Note: This repo is used for exploring different machine learning techniques. The dataset was selected due to the difficulty of developing a solid model without inappropriately coercing the data. This is an ongoing project.

Overview


This repo explores multiple machine learning techniques to identify children that may develop nearsightedness. The initial goal was to only run several models and compare the results but later I decided I wanted to create a multiphase analysis project where I could do the following:

  • Split a dataset with a variety of features into a low, medium, and high variance subsets.
  • Run a series of experiments on each dataset to see which model (feature selection, preprocessing, algorithm selection, tuning, and evaluation metrics) performs the best.
  • The process has currently been processed on a low variance subset with the following steps:
    • Feature Selection and Cleaning - outlier detection, correlation, VIF feature identification, feature interactions
    • Data Balancing - sampling techniques, target weighting, evaluation threshold changes
    • Algorithm Testing - preprocessing (previous steps), feature reduction, hyperparameter tuning, model evaluation, overfitting adjustments
    • Test-train-split Evaluation - the best model is used to determine if the original splits are appropriate. The model was run on various subsets of data to determine the model variance versus train and test split sizes. The best split is used to re-run the models and monitor the effects.

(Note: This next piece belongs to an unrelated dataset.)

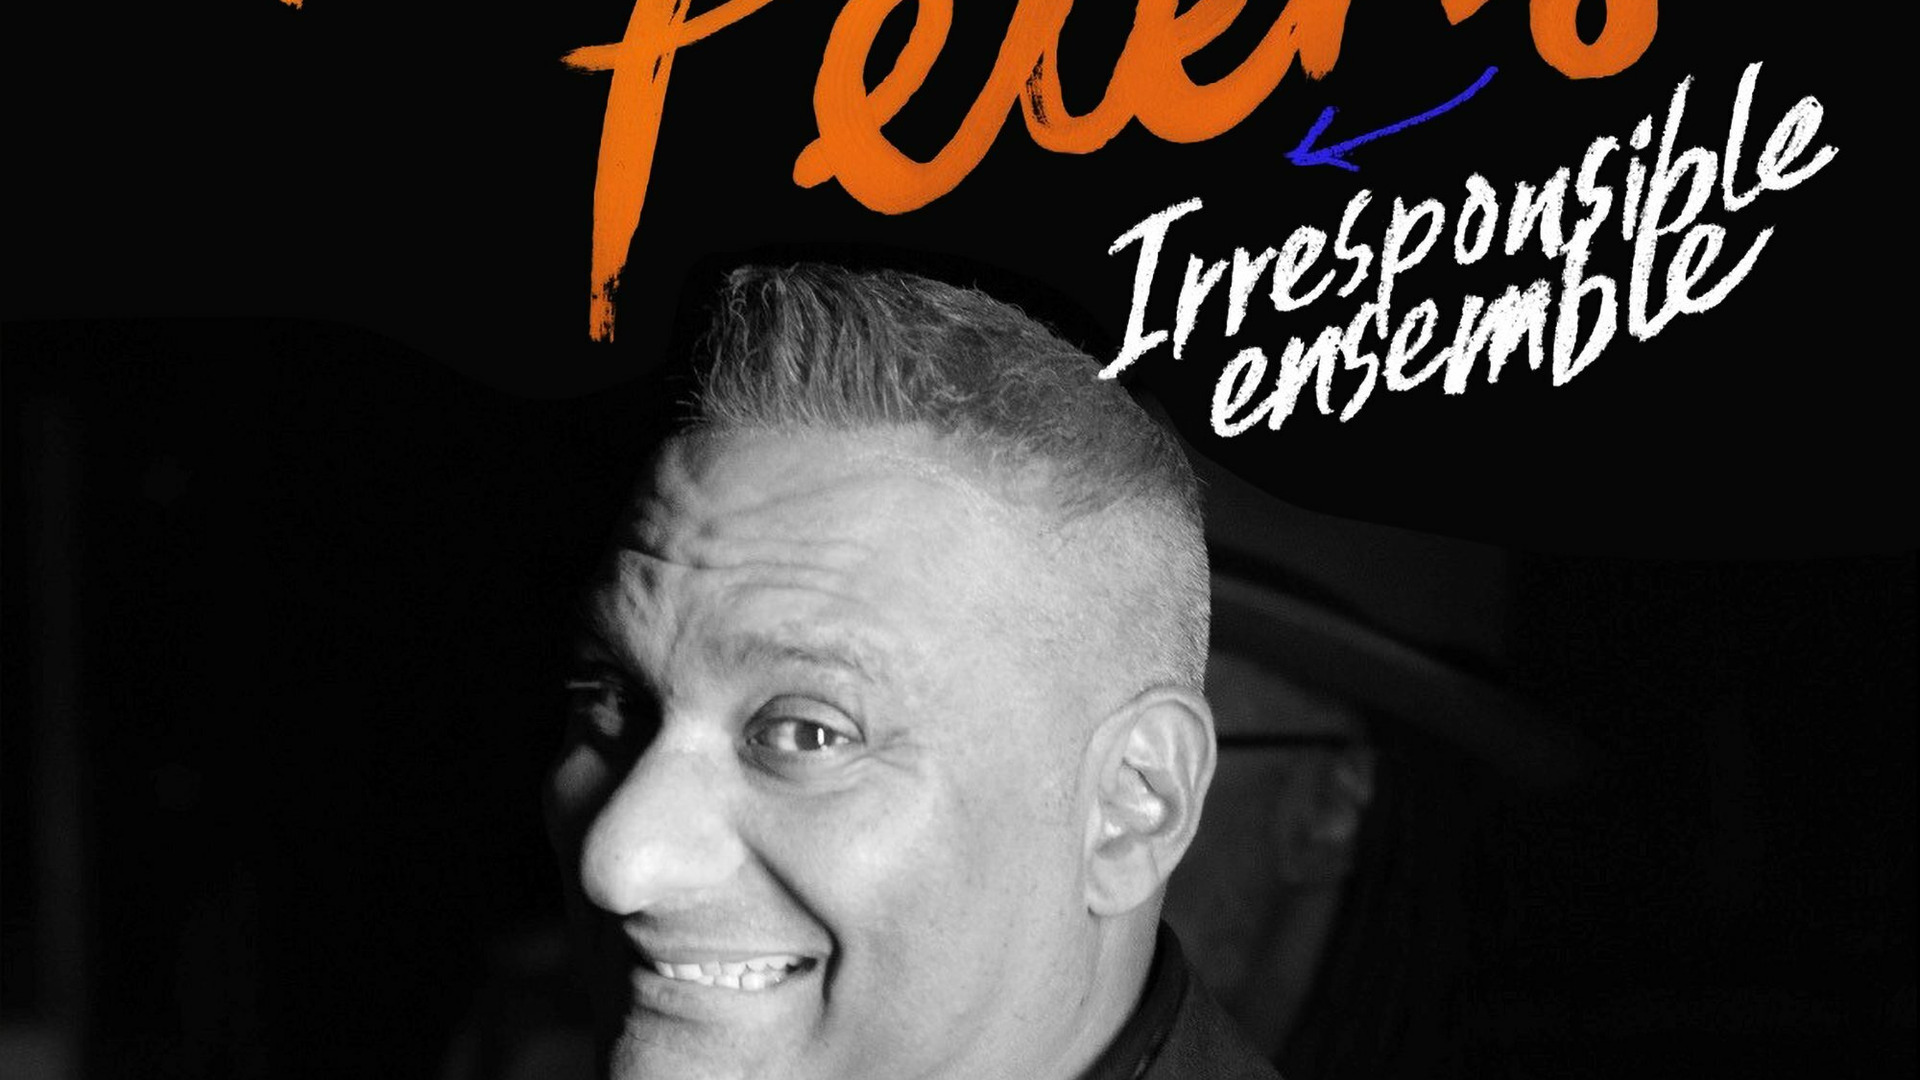 Show Russell Peters: Irresponsible Ensemble

Project status: Most of the experimenting on the low variance dataset is complete and the code is being refactored and modified to use pipelines. In the future, several of the methods used will be tested on synthetically generated data that will represent different ways data can vary - this will help verify best practices with test-train-split selections, data balancing, hyperparamter turning, and evaluation.

Limitations

The dataset is a subset from the Orinda Longitudinal Study of Myopia (OLSM) study. Having the entire dataset covering the entire range of measurements would be interesting especially when determining the rate of change in SPHEQ. Although this is an interesting problem, analyzing the data over time would probably be a better method than the snapshot in time provided.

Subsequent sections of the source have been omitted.